Regardless of whether a data curator is a collaborative, domain or lead curator, the data curation process should, at least, involve these steps:

  1. Identifying: Before working on a problem or project, the different data sources need to be identified first.
  2. Cleaning: The data set might be filled with incorrect, corrupted, incorrectly formatted, duplicate, or incomplete data, which need to be fixed or removed via data cleaning/cleansing.
  3. Transforming: Data transformation is the process of converting data from one format to another when migrating data from one system to another, especially if the source system and new destination system are in different formats.

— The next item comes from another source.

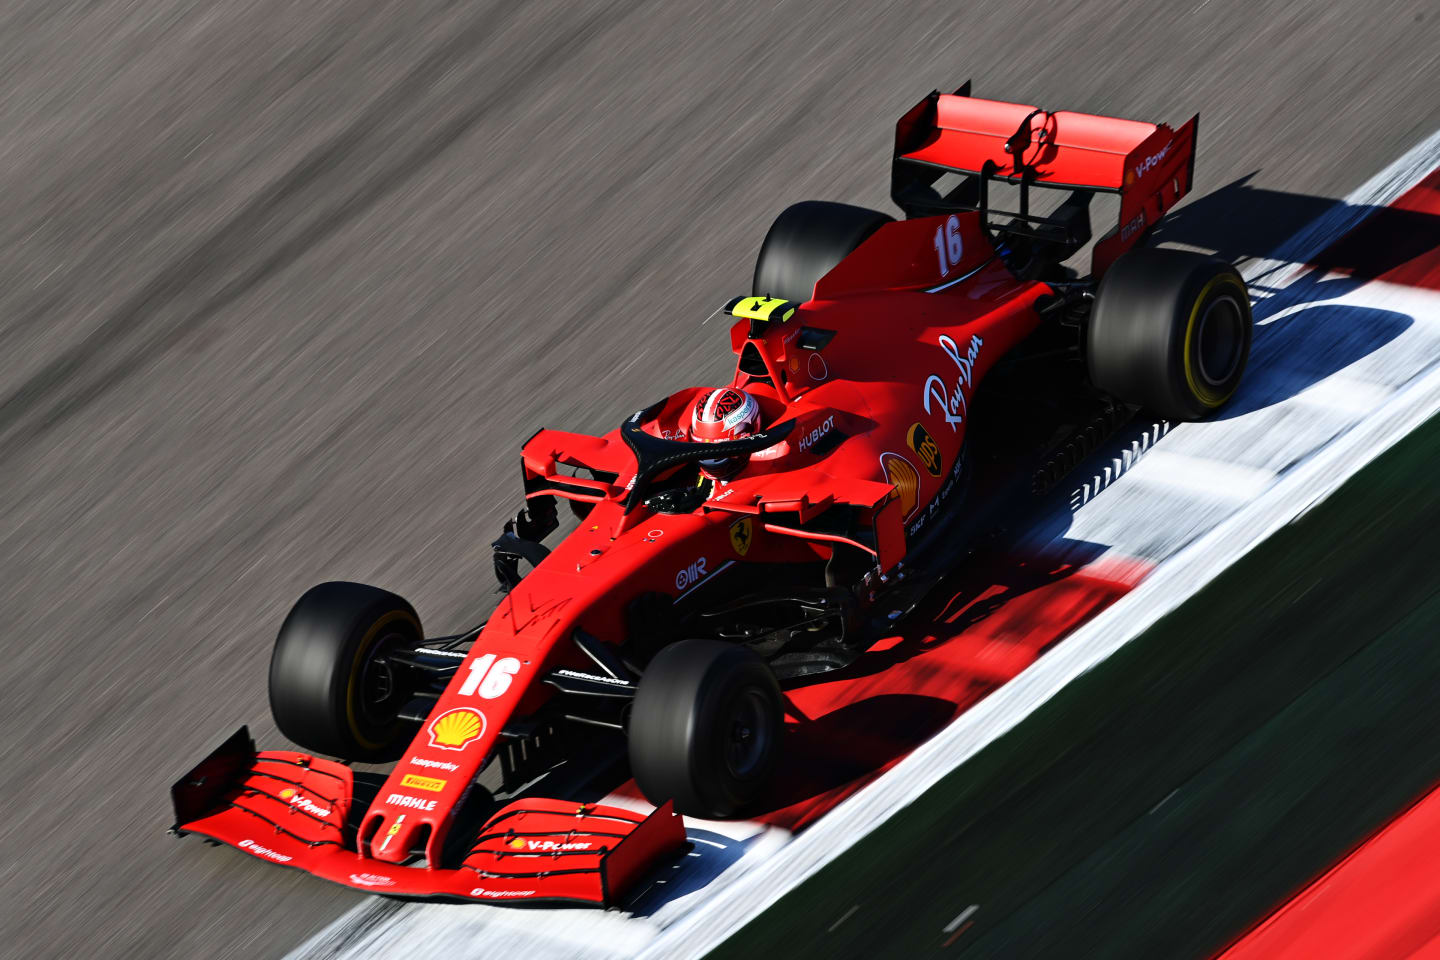 SOCHI, RUSSIA - SEPTEMBER 27: Charles Leclerc of Monaco driving the (16) Scuderia Ferrari SF1000

An application of data curation

The Geological Survey Alabama (GSA) is an example of how data curation is applied in the real world.

The GSA is in charge of exploring, characterising and reporting data on Alabama’s mineral, energy, water and biological resources for conservation, management and public policy in Alabama.

With this responsibility, the GSA has been asked to make the data more accessible to stakeholders.

Even then, the budgets are small, so more has to be done for less.

That’s why the GSA is applying the “agile curation” to revive their dark data through data curation while taking a page out of the Agile approach.

Data curation can help determine which parts of dark data are useful and which parts are useless for GSA’s efforts.

What can we conclude about data curation?

In today’s world, large amounts of data are collected and stored by organisations. But organisations don’t always know what to do about some of the data, so they leave the data unused.

Having a lot of unused data take up space in the data storage affects the quality and accessibility of data. This problem is one of the things that can be tackled by data curation.

In order to make a data set useful to its users, a data curator needs to have a good knowledge of the data set, as well as the processes, systems and tools required to fulfil the needs of users.

In addition, assigning a data curator or a team of data curators would help streamline the process of identifying, cleaning and transforming data for analysis.

A streamlined data curation process will allow data users to focus more of their time and effort on their own tasks instead of data preparation, and enable the continuity of data management.